Lake Louise Ski Resort has plead guilty to cutting down an undetermined amount of the Whitebark pine—a tree currently protected by the Species at Risk Act. Phil Wiffen Flickr Photo.
Lake Louise is currently in some hot water for illegally cutting down 150 trees in 2013. According to the Calgary Sun, the ski area has pleaded guilty to charges they’re currently facing from both the Canada National Parks Act and the Species at Risk Act.
The thing is, these trees aren’t your everyday saplings. They’re whitebark pine—an endangered species. Whitebark is a vital resource in the Canadian wilderness, providing food and habitat for animals. In recent years the trees have come under a variety of threats, including disease, fire, and climate change.
If you happen to chop one down, be prepared to face fines up to $300,000 from the Species at Risk Act. Additionally, there is a $250,000 fine from the National Park Act. Mind you, that’s just for one tree. It’s estimated that Lake Louise cut down 38 as part of its annual summer maintenance. We’ll let you do the math on that one.
Right now the resort will be represented in a hearing to determine the exact amount of trees felled.
"The evidence will show that the managers of Lake Louise ski area were aware before the offence that whitebark pine was a species of concern and an endangered species that could not be harmed," stated Crown prosecutor Erin Eacott at the start of the hearing.
"I also anticipate that the evidence will show that the work that was done on Ptarmigan Ridge was on a to-do list for Lake Louise ski area's trail crew for several months before the cutting occurred, and there was lack of oversight by Lake Louise ski area's management."
The site was first investigated in September 2014 by Park warden Paul Friesenwho is now supervises Banff, Yoho, and Kootenay national parks. He found a swath of stumps about 300 meters long.

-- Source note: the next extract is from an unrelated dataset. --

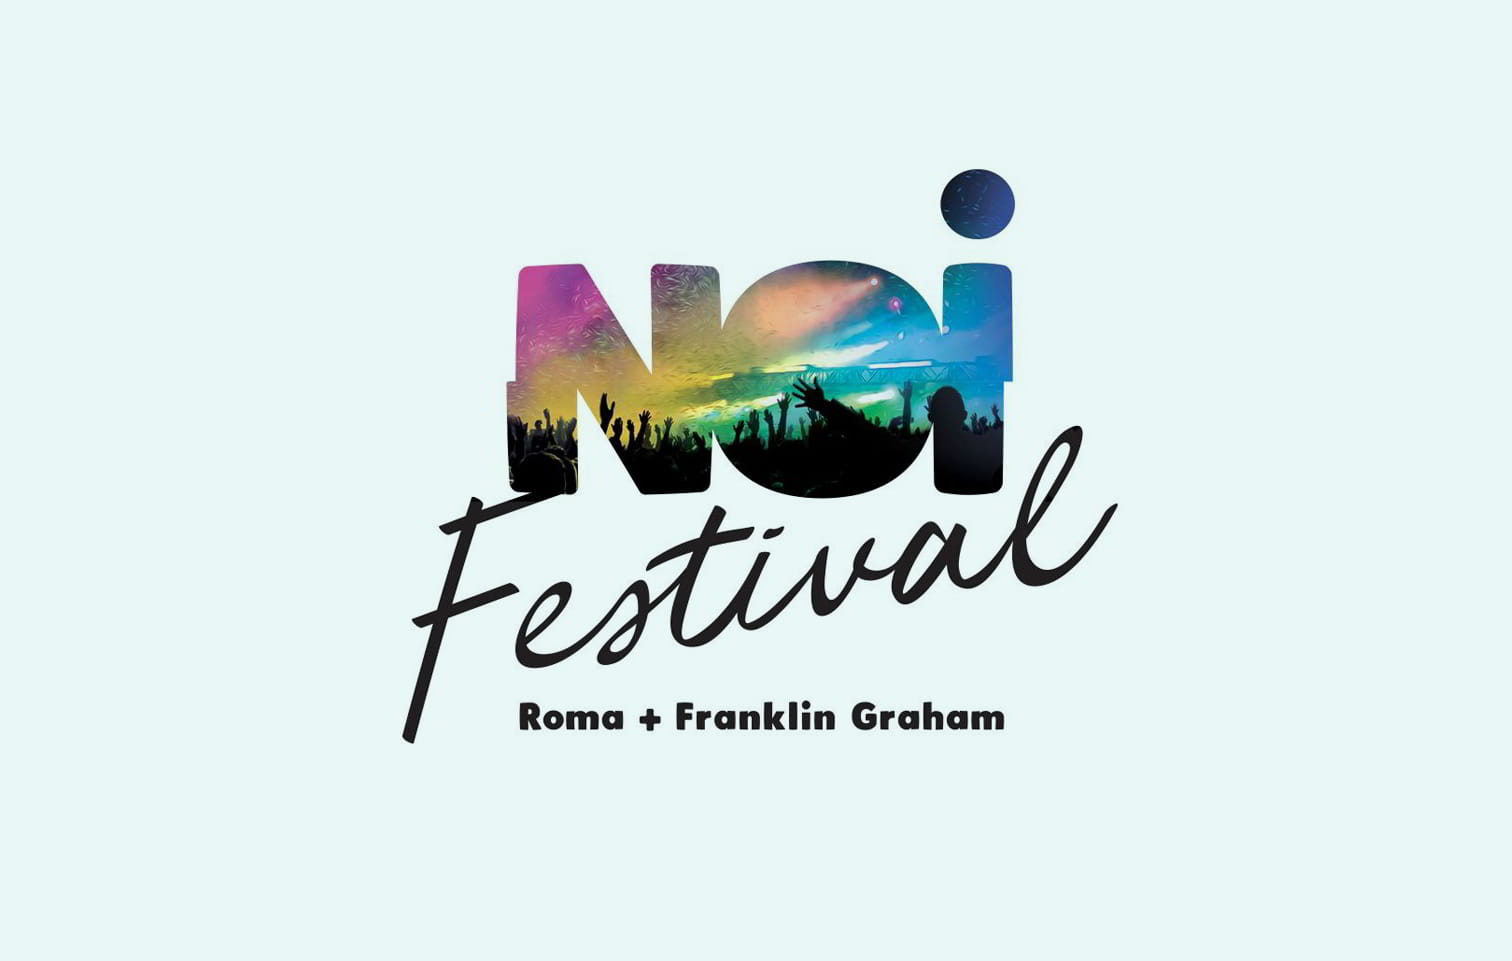 Noi Festival will feature live music from three-time Grammy winner Michael Smith and Kari Jobe, who has been nominated for two Grammy Awards.
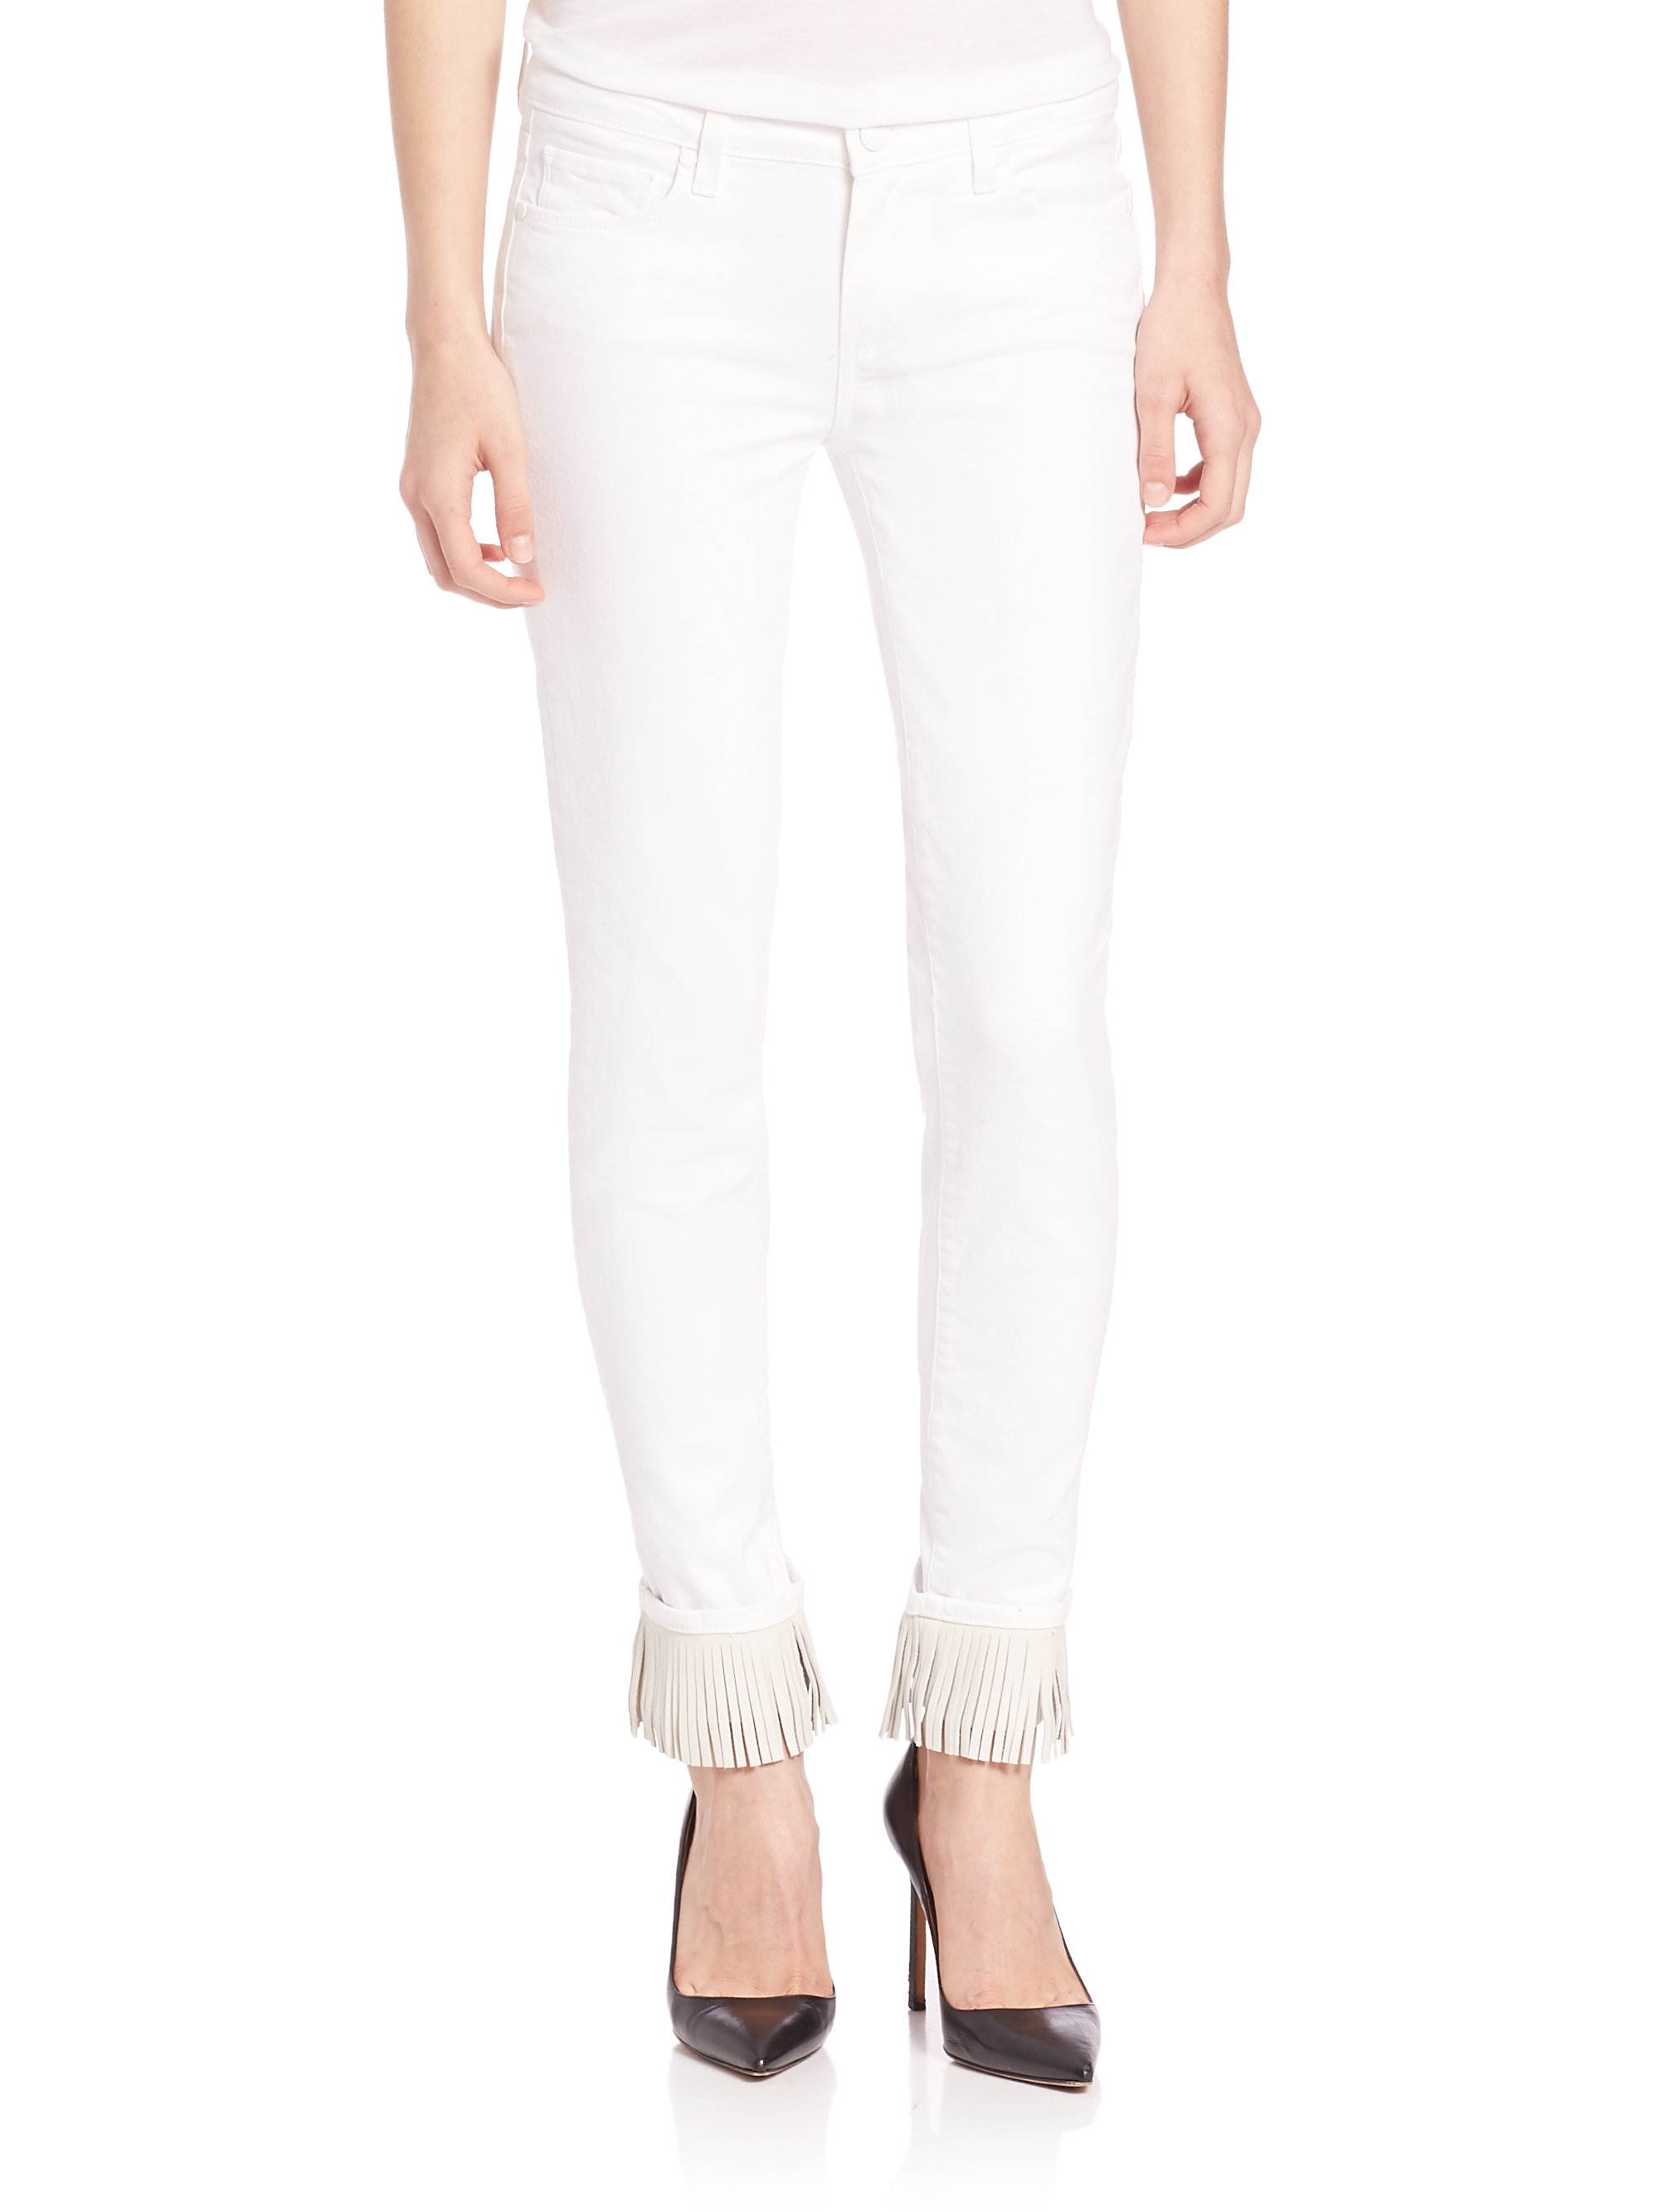 white jeans with fringe at bottom

Through DNA analysis and visual diagnosis, his team has been able to confirm multiple species that were cut down at the site.
"There was whitebark pine, which was of course the most concerning to us, but in addition to that there were larch trees, fir trees. There was spruce trees cut down," he explained to CBC.
While the exact number of trees has yet to be determined, the lack of oversight will certainly cost the resort a hefty charge.